Operational recommendations for EW teams and spectrum managers
1) Treat spectrum policy as a planning constraint, not an afterthought
Operational plans that assume exclusive, unencumbered access to mid and high bands will fail in shared regimes. Incorporate coordination timelines, SAS interactions, and potential priority-yield events into mission timelines. Simulate degraded spectrum availability and validate mission essential tasks under those conditions.
2) Invest in spectrum-awareness sensor grids and provenance logging
Deploy distributed spectrum sensors with secure time-synced logging to build situational awareness and to provide a tamper-evident audit trail for interference incidents. These sensors help distinguish incidental civilian emissions from intentional jamming or spoofing and are useful when interfacing with regulators or commercial SAS providers.
3) Build mixed-reality proving grounds that include SAS and passive-sensor constraints
Policy proofs will require testbeds that replicate the technical constraints regulators are protecting. That means integrating database coordination, sensor protections, and civilian network emulators into EW test ranges so systems are not validated only in sterile RF environments.
4) Prioritize adaptive waveforms, spatial control, and low probability of interference techniques
Where sharing is mandated, the most effective EW approaches emphasize waveform agility, beam shaping, and time-sliced operations rather than brute force power. Investment in fast beam steering, null formation, and adaptive coding will yield resilience without triggering protection actions from SAS or incumbent users.
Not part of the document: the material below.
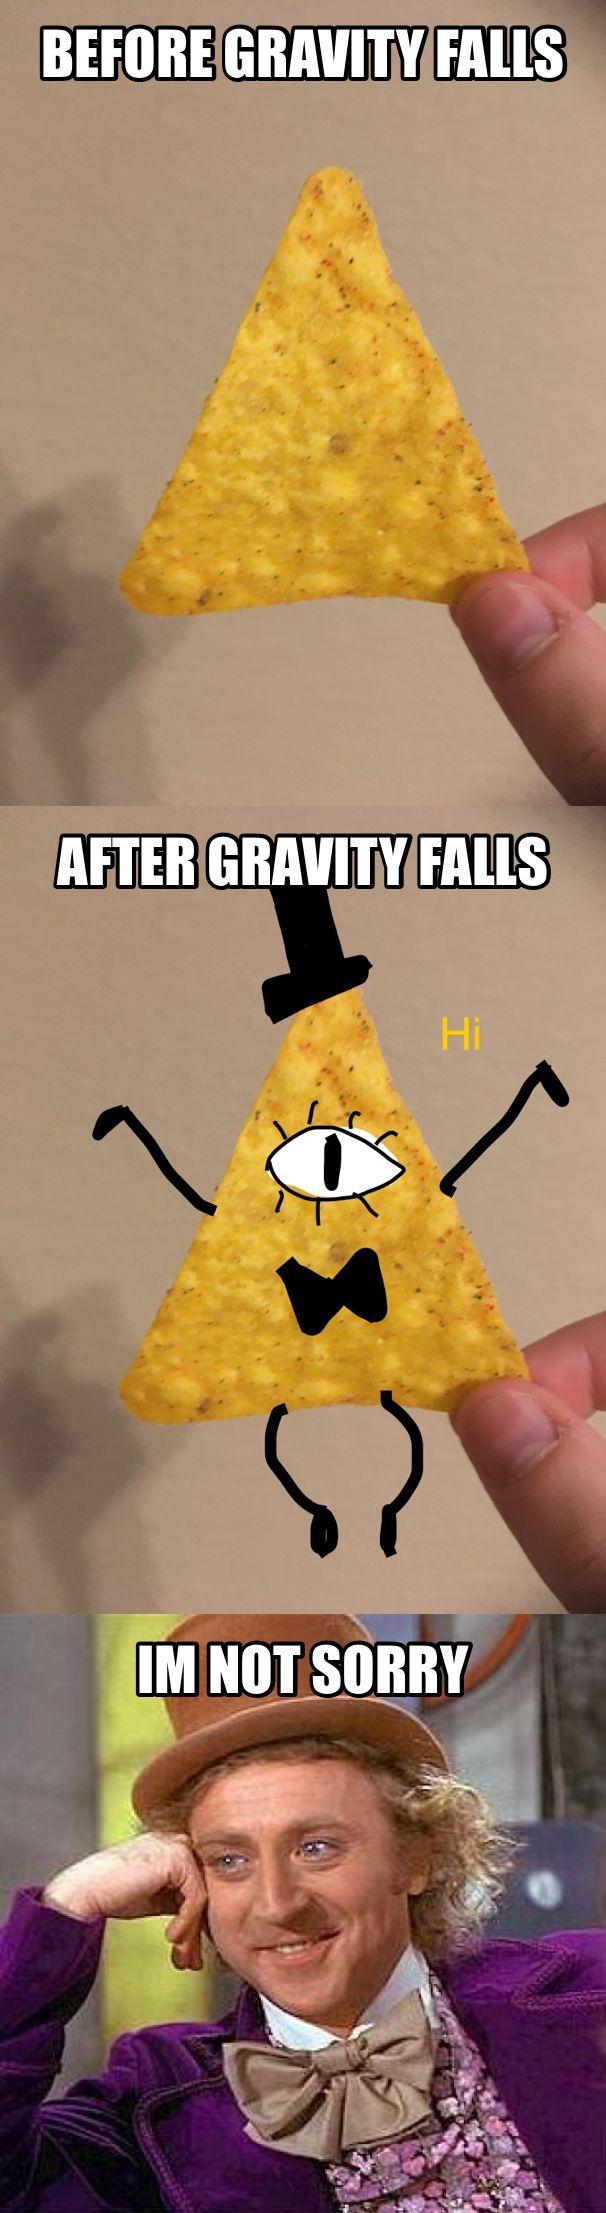 Gravity Falls has changed me Демотиваторы ...

5) Maintain compliance posture and legal awareness
Shared spectrum regimes carry legal obligations and reporting requirements. Coordinate with legal and frequency management officers before experimental operations. In commercial shared bands, use certified SAS providers and respect certified Environmental Sensing Capabilities to avoid violating rules designed to protect incumbents.
Concluding note
Spectrum policy is converging on two complementary trends: more sharing mediated by automated coordination systems, and stricter technical protection for sensitive passive sensors. For EW professionals this means the technical problems are now also policy problems. The winning approach integrates RF engineering, dynamic coordination technology, and legal compliance into system design, acquisition, and testing. If you are designing or fielding EW systems for operations near 3.5 GHz, the lower 37 GHz band, or adjacent passive bands, factor in SAS interactions, passive-sensor protections, and proving-ground validation from the start. This is the practical path to operational effect in a world of shared airwaves.